Here's a comparison for the same video with the 8 years old Intel Core i5 6200U CPU using the very first iteration of Intel's 14 nm node:
Average CPU frequency is 700MHz
Average power consumption is 3.5W
Why is the new super advanced AMD part is so terribly inefficient? That doesn't seem right.
I would expect it to consume at most 2-3W given all the advances in manufacturing, not four times more.
Addendum 1:
This
echo power | tee /sys/devices/system/cpu/cpufreq/*/energy_performance_preference
Makes the CPU run at around 2300MHz and cuts power consumption roughly in half (8W) but that still is hugely inefficient. Unfortunately this workaround is not good for 4K 60fps VP9/AV1 videos because they start occasionally stuttering and skipping frames. I'm talking about YouTube.
Addendum 2:
Firefox needs media.ffmpeg.vaapi.enabled enabled in about:config in order to use HW video acceleration.
Addendum 3:
Under Windows 10 LTSC 2021 (21H2) with the VP9 extension installed and active:
For a 1440p VP9 60Hz stream on YouTube under Firefox 123:
I don't think there is much we can do in the driver to address this directly.
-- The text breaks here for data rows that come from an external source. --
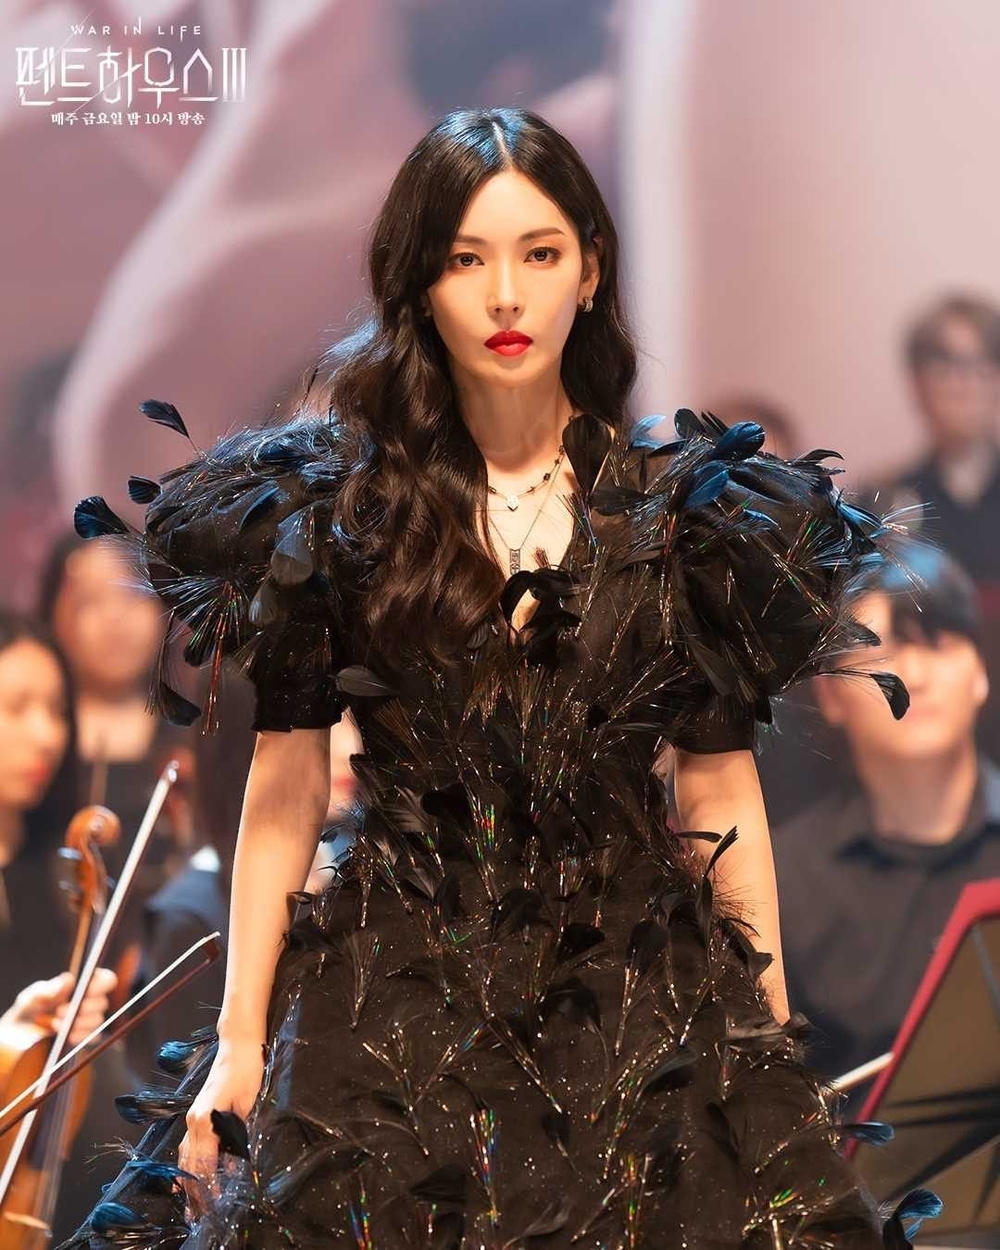 Phát hiện ra Seo Ye Ji mượn váy của ác nữ Penthouse ở phim mới: Sang chảnh ngang nhau nhưng điên nữ nổi hơn nhờ 1 điểm - Ảnh 3.
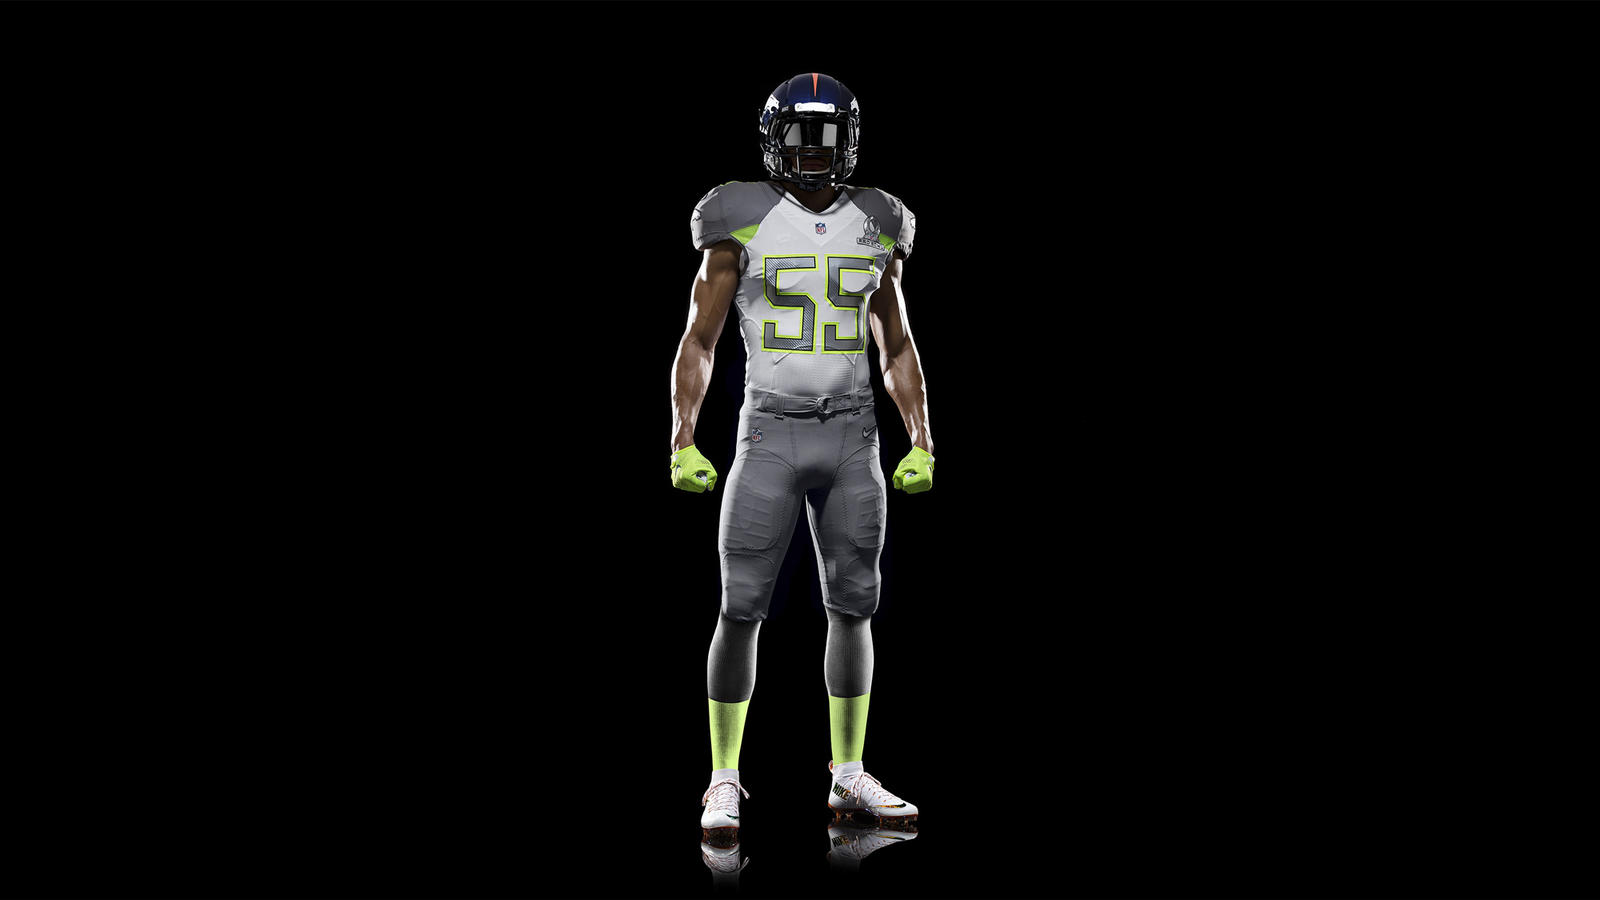 Nike Pro Bowl uniforms
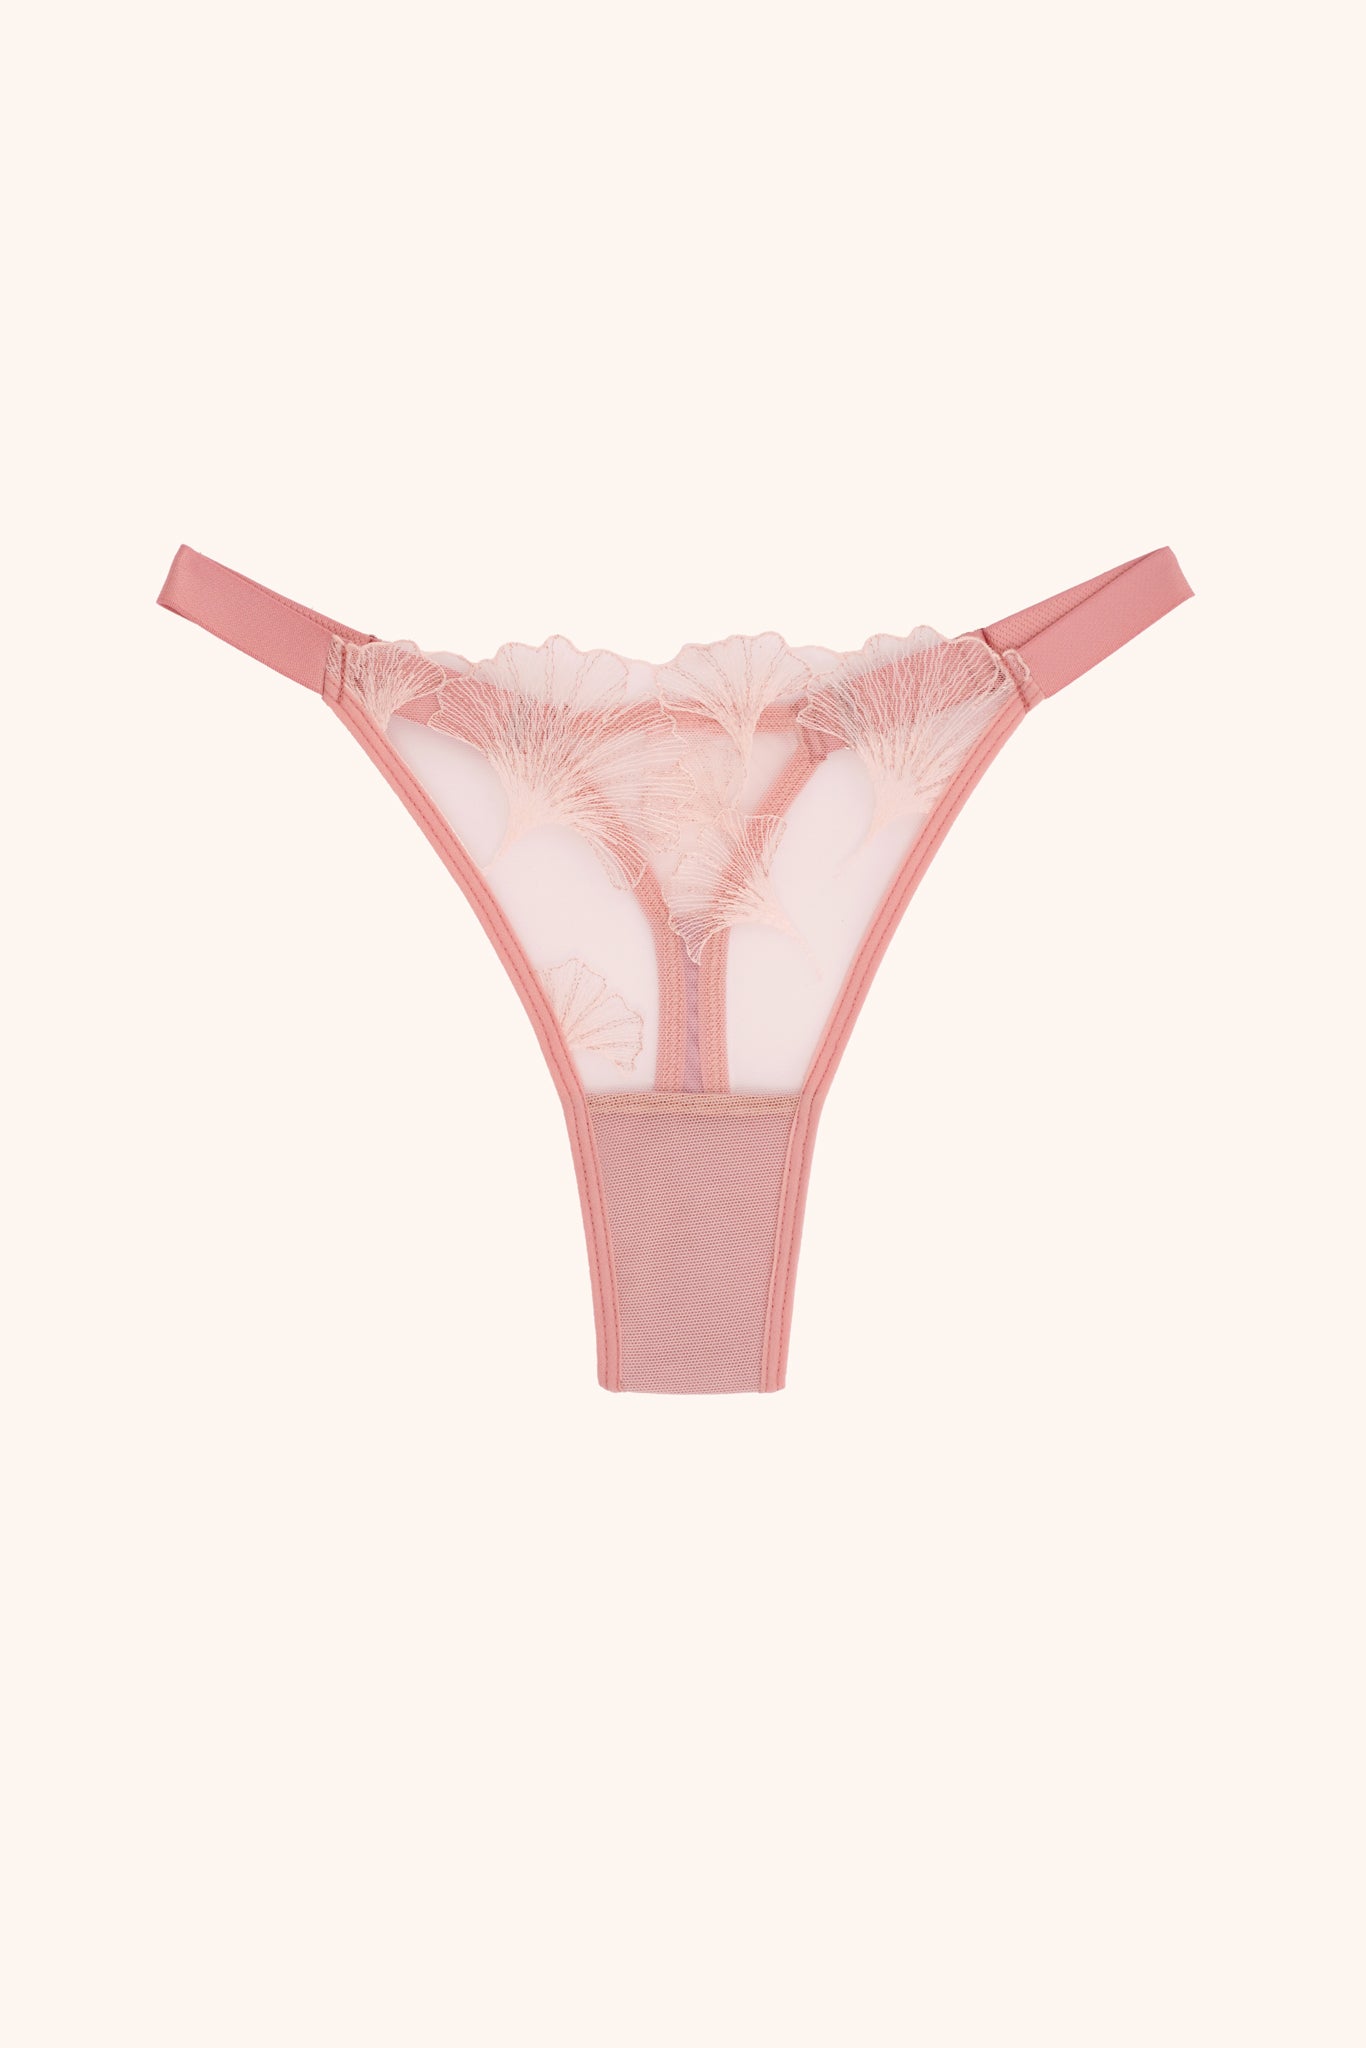 Biloba adjustable thong - pink

Windows and android handle most of this in their compositors. To address this we need the following:
Compositors need to be updated use the overlay and compositing hardware in the display block to handle the CSC, scaling, and composition of the video. Currently most video players use graphics APIs like OpenGL to handle CSC and scaling. This uses a lot of power because GFX is powered up and the CPU is busy to keep feeding GFX. If we use the display hardware, we can keep gfx powered down and this will also generate less CPU traffic since we don't have to keep feeding GFX. Today this looks like:
Compressed video stream -> VCN (video decode) -> Raw YUV data -> GFX (CSC, scaling) -> Scaled RGB data -> DCN for display
what it should look like is:
Compressed video stream -> VCN (video decode) -> Raw YUV data -> DCN for CSC, scaling, and display
Make sure compositors allow direct flipping for full screen video, similar to full screen graphics for games. This avoids an extra copy. This is probably already handled in most cases.
Compositor or desktop environment should pick a less aggressive CPU profile while full screen video playback is active. This is probably mostly nice to have since there should be less CPU load in general once 1 is implemented.
Does Wayland help achieve that or a display server being used is inconsequential for the issue?
It's generally not possible to use multiple planes in X, so this would be wayland only.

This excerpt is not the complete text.